The dissent is also interesting, noting as it does that the libraries are perfectly capable of unblocking sites should they choose to. "The library district does not attempt to argue that it cannot disable its computer filters at the request of adults," the dissent reads. "It merely suggests that to do so would be inconvenient and might require additional staff, which could be expensive."
The dissent also defuses the "But the Children!" argument typically used for cases of removing content from a library that some people find objectionable. " I am not unsympathetic to the goal of protecting children. But that laudable goal has all too often been advanced as a ground to restrict constitutionally protected speech generally though, at least in our state before today, usually unsuccessfully," going on to quote the classic, "'The State insists that, by thus quarantining the general reading public against books not too rugged for grown men and women in order to shield juvenile innocence, it is exercising its power to promote the general welfare. Surely, this is to burn the house to roast the pig.'"

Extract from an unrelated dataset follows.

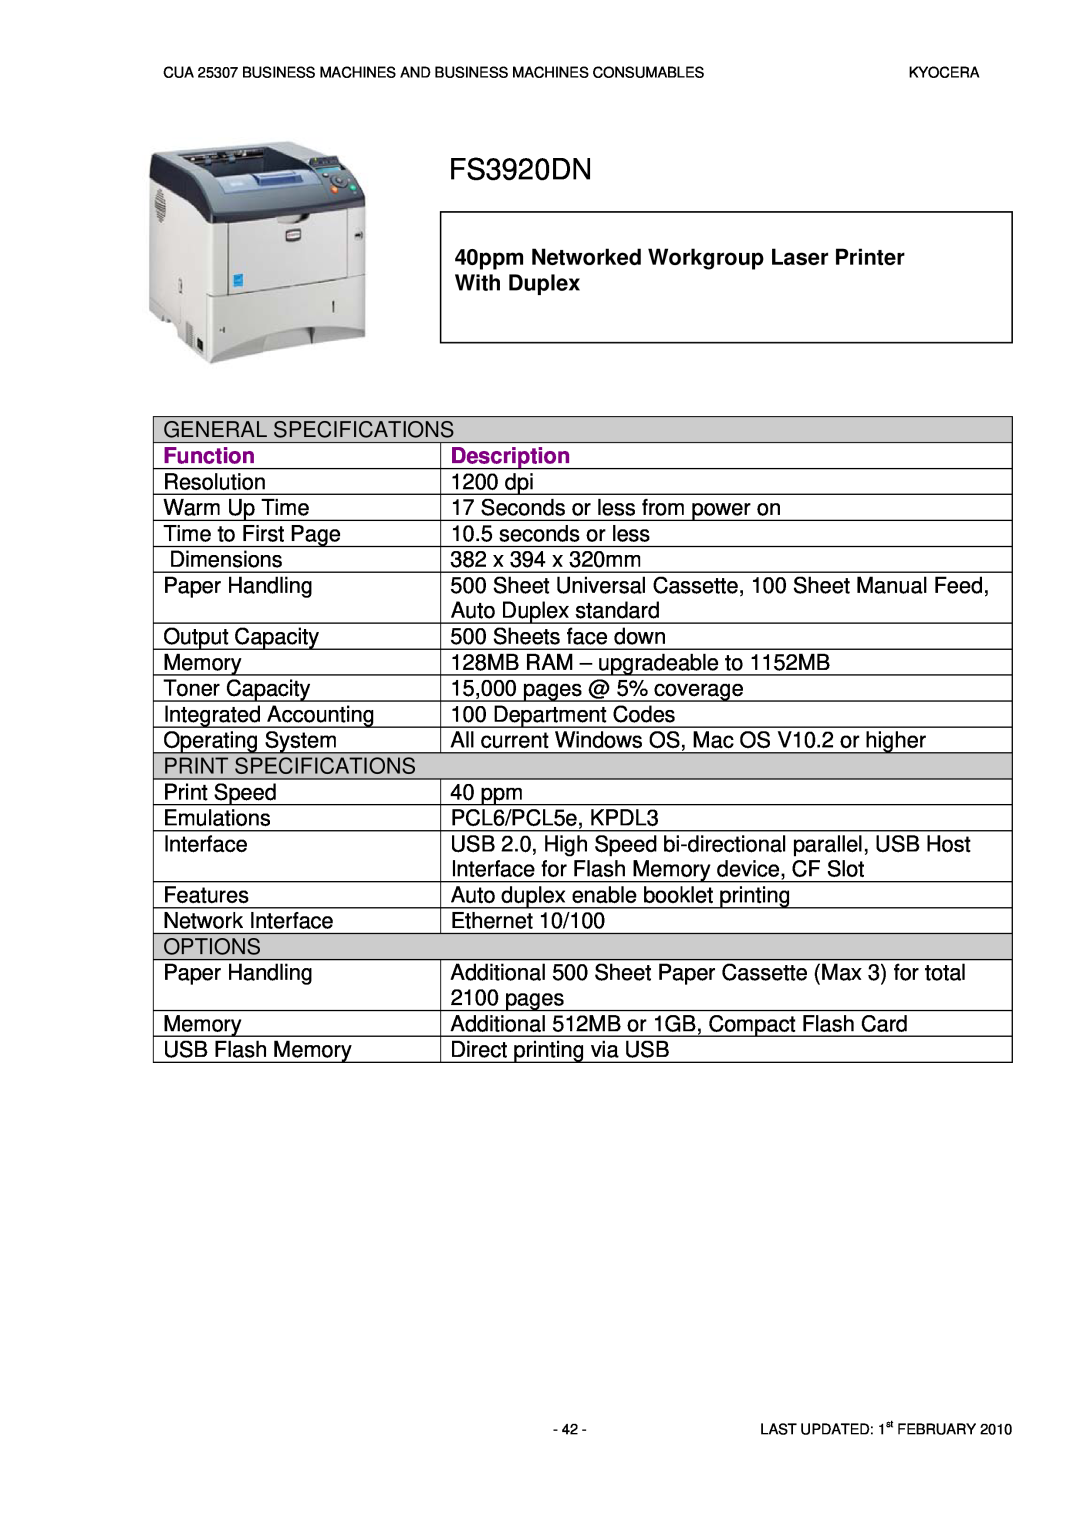 Kyocera CUA 25307 manual FS3920DN, Function, Description 1200 dpi

Ironically, both sides cited the same case, United States of America v. the American Library Association 2003, which similarly addresses Internet blocking software, to support its views, with the dissenters noting that "Thus, four United States Supreme Court justices stated explicitly and four other justices hinted strongly that content filtering in libraries is only constitutional if the filter can be removed at the request of an adult patron."
The dissent concluded, "The filter should be removed on the request of an adult patron. Concerns that a child might see something unfortunate on the screen must be dealt with in a less draconian manner."
A survey last fall found that more than 71 percent of all libraries (and 79 percent of rural libraries) report they are the only source of free access to computers and the Internet in their communities.